Hit List - Lawrence Block [71]
And then he’d said he was out of town, and Maggie said she knew, and he’d been ready to grab her and snap her neck. Just like that.
He’d called up, as requested, to replace his home number on her Caller ID with the number of the pay phone. But was that how Caller ID worked? Did it keep track of just one number at a time? He didn’t have it on his phone, he couldn’t imagine why he’d want it, so he wasn’t too clear on how it worked. And, even if it was the way she’d said it was, how did he know she hadn’t picked up the phone the minute he was out the door? She could have copied the number off the screen before he called back to erase it.
She was, let’s face it, more than a little strange. That had been part of her initial appeal, that offbeat downtown weirdness, though he had to say it had grown less appealing with time. Still, it made it impossible to guess what the woman would do.
If she had the number, she could get the address. She’d mentioned the reverse directory herself, so she knew about it, knew how to get an address to go with a phone number. If she knew all that, and of course she already knew his name, she’d known that from the beginning . . .

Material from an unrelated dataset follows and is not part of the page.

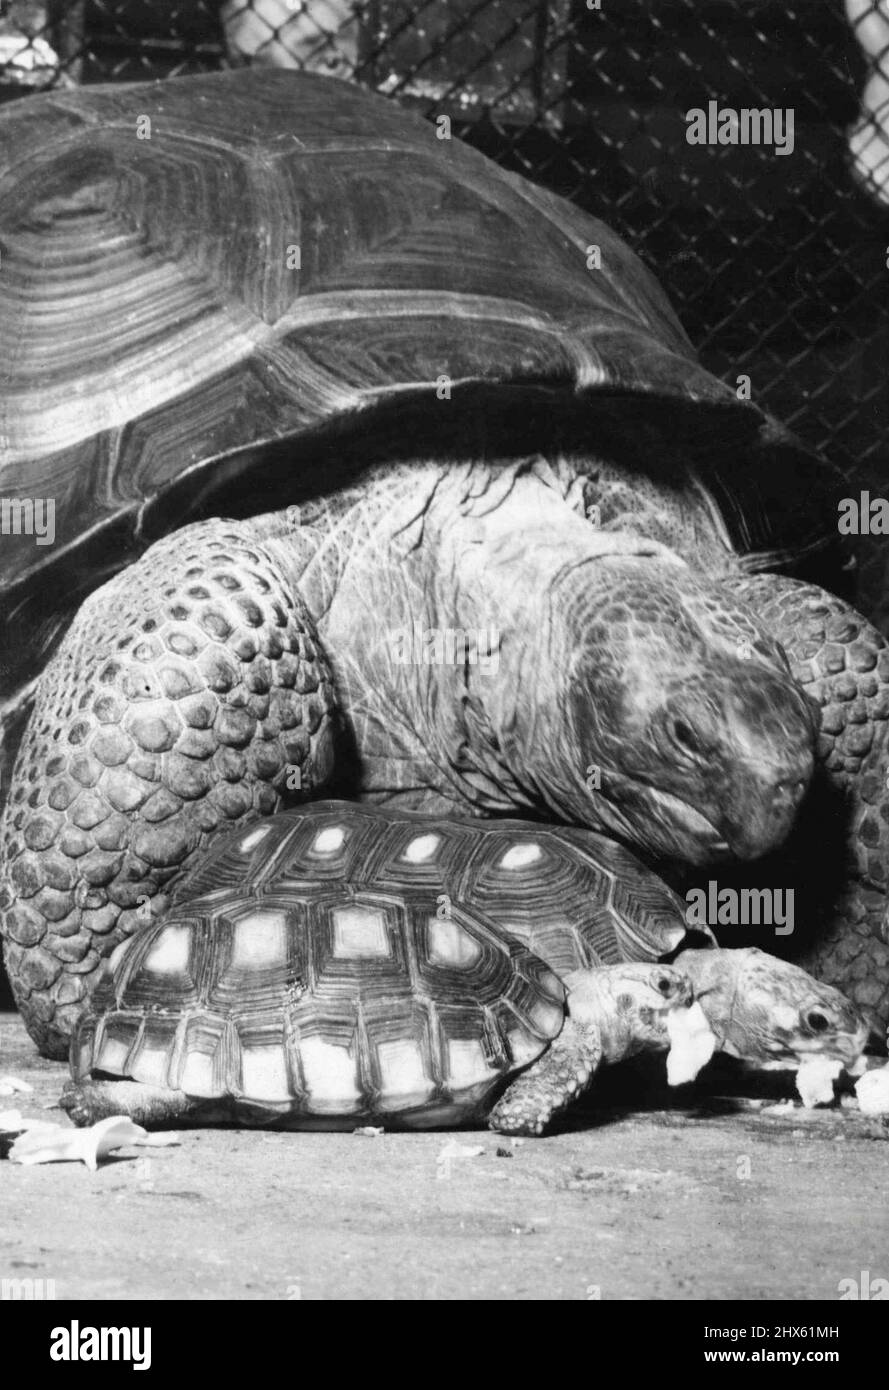 Le père Tortue était trop lent -- sous son énorme Shell, une tortue géante - 80 ans - regarde deux petites tortues brésiliennes comparativement jeunes couper devant lui pendant ***** heure. La tortue d'un vieil homme semble se demander à quoi la jeune génération vient, avec ses mauvaises manières et ses coques aux couleurs vives. Cela utilise peu d'étude de la nature vient du zoo de Londres. 19 novembre 1938. (Photo par photo de presse associée). Banque D'Images

But that didn’t mean she knew what he did for a living. Suppose she’d picked up on his reaction, suppose she’d half-sensed that he’d been ready to reach for her and put her down. The fact remained that he hadn’t done anything, hadn’t even acted angry, let alone homicidal. Once he was out the door, once it was clear that she was safe, she’d talk herself out of any alarm she might have felt.
Wouldn’t she?
Back home, he worked on his stamp collection for a few minutes, then put everything away and turned on the TV. He worked his way through the channels two or three times, triggering the remote until his hand was tired, then thumbing the power button and darkening the set. And sat there in what little light came in from the window, looking at the remote in his hand. Looking at his thumb.
Maggie knew he had a murderer’s thumb. She’d pointed it out, called it to his attention.

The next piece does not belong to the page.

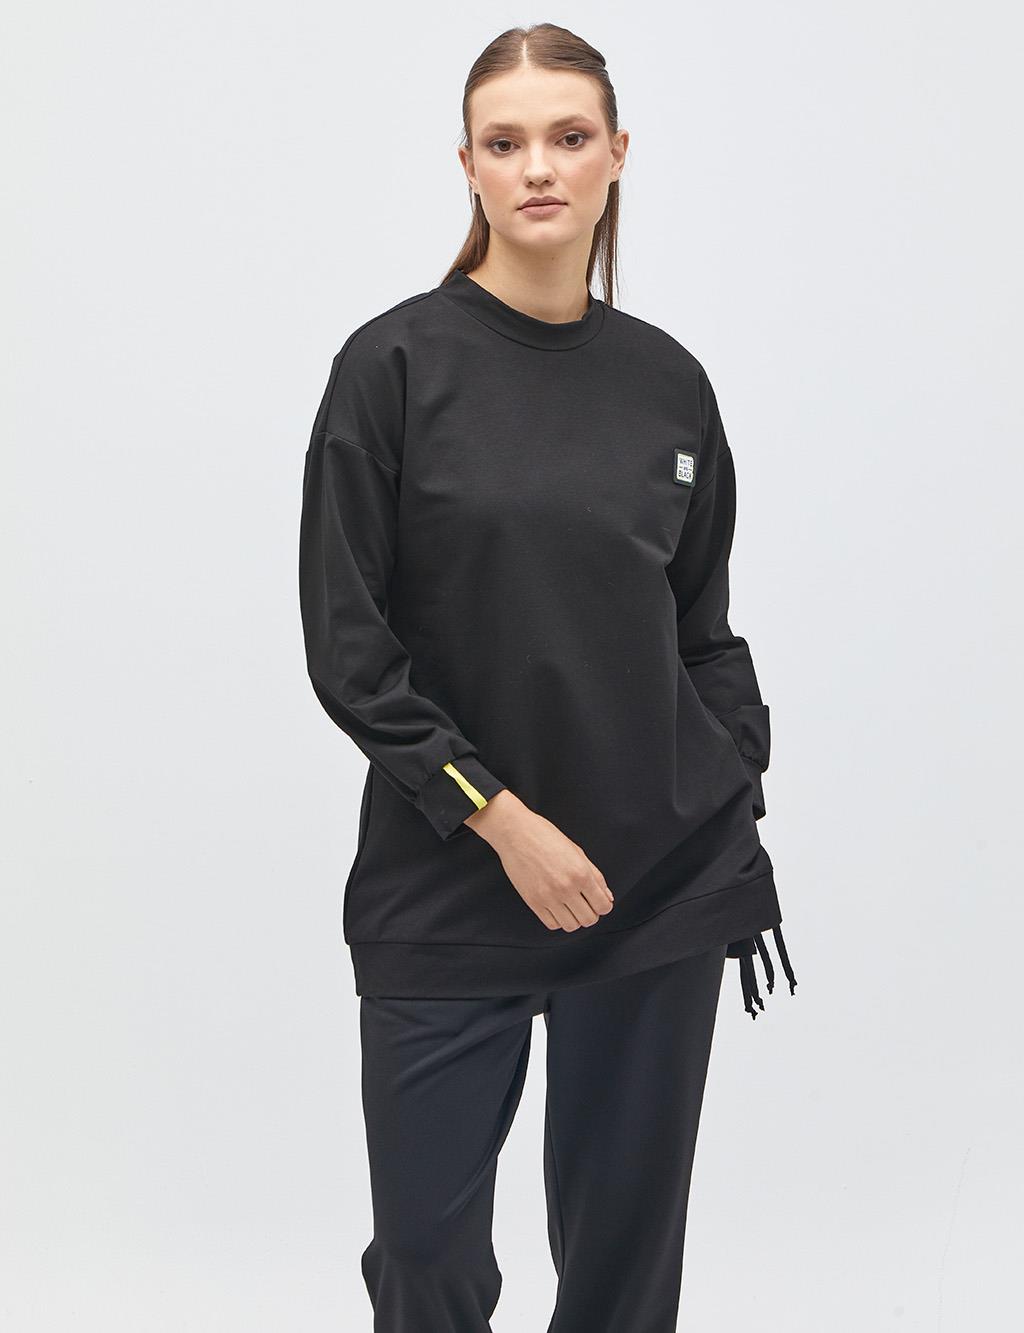 Low Sleeve Sweatshirt Black

Maybe she’d think about that and put it together with whatever she’d picked up when he’d been ready to reach for her. And maybe she’d factor in the way he was retired at an early age, but went out of town occasionally on special jobs for unspecified corporate employers. And maybe there’d be a hired killer in the headlines, or in some movie she saw, or some TV program. And maybe her eyes would widen, and she’d make a connection, and realize just who he was and what he was.
And then?
Eighteen
* * *
The airport in Orange County was named after John Wayne. Keller got off the plane with a tune running through his head, and he was halfway to the baggage claim before he worked out what it was. The theme from The High and the Mighty.

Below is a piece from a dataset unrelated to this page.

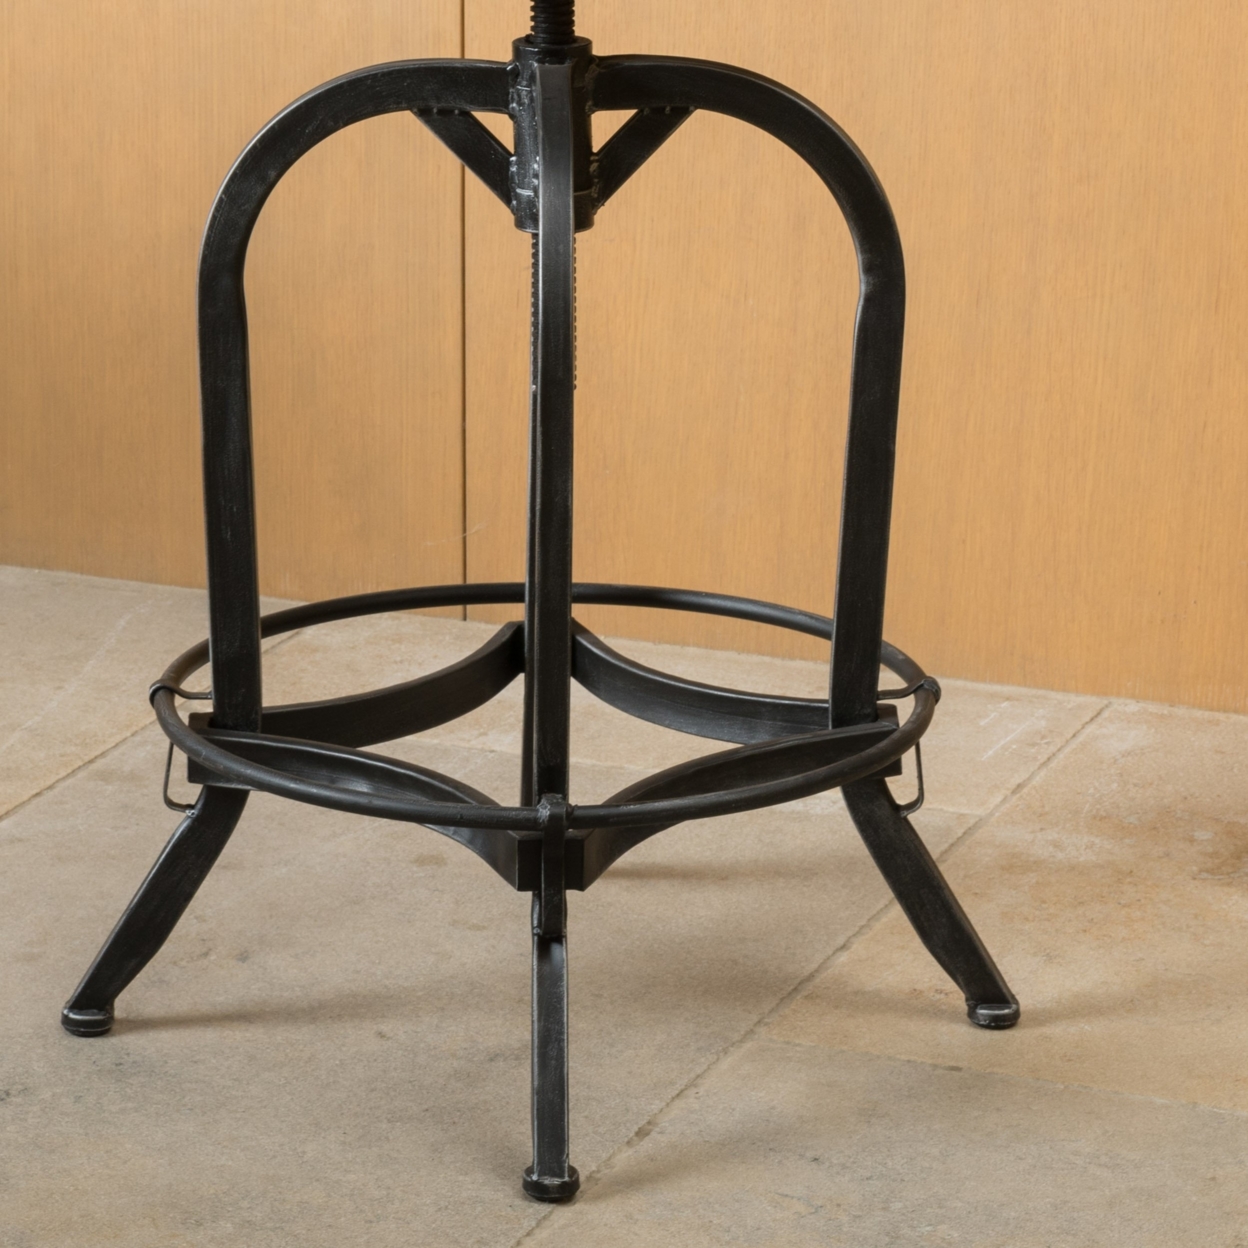 Samthorn Metal Industrial Adjustable Barstool With Backrest

Funny how the mind did things like that.
There were half a dozen men standing alongside the baggage claim, some in chauffeur’s livery, all of them holding hand-lettered signs. Keller walked past them without a glance. No one was meeting him—that was policy, now that the mysterious Roger was out there somewhere. Anyway, no one would be expecting him to fly to Orange County, because his assignment was all the way down in La Jolla. La Jolla was a suburb of San Diego, and San Diego had a perfectly good airport of its own, larger and busier than Orange County’s, and not named after anyone.
“Unless you count St. James,” Dot had said. When he looked blank, she told him that San Diego was Spanish for St. James. “Or Santiago,” she said. “San Diego, Santiago. Same guy.”
“Then why do they have two names for him?”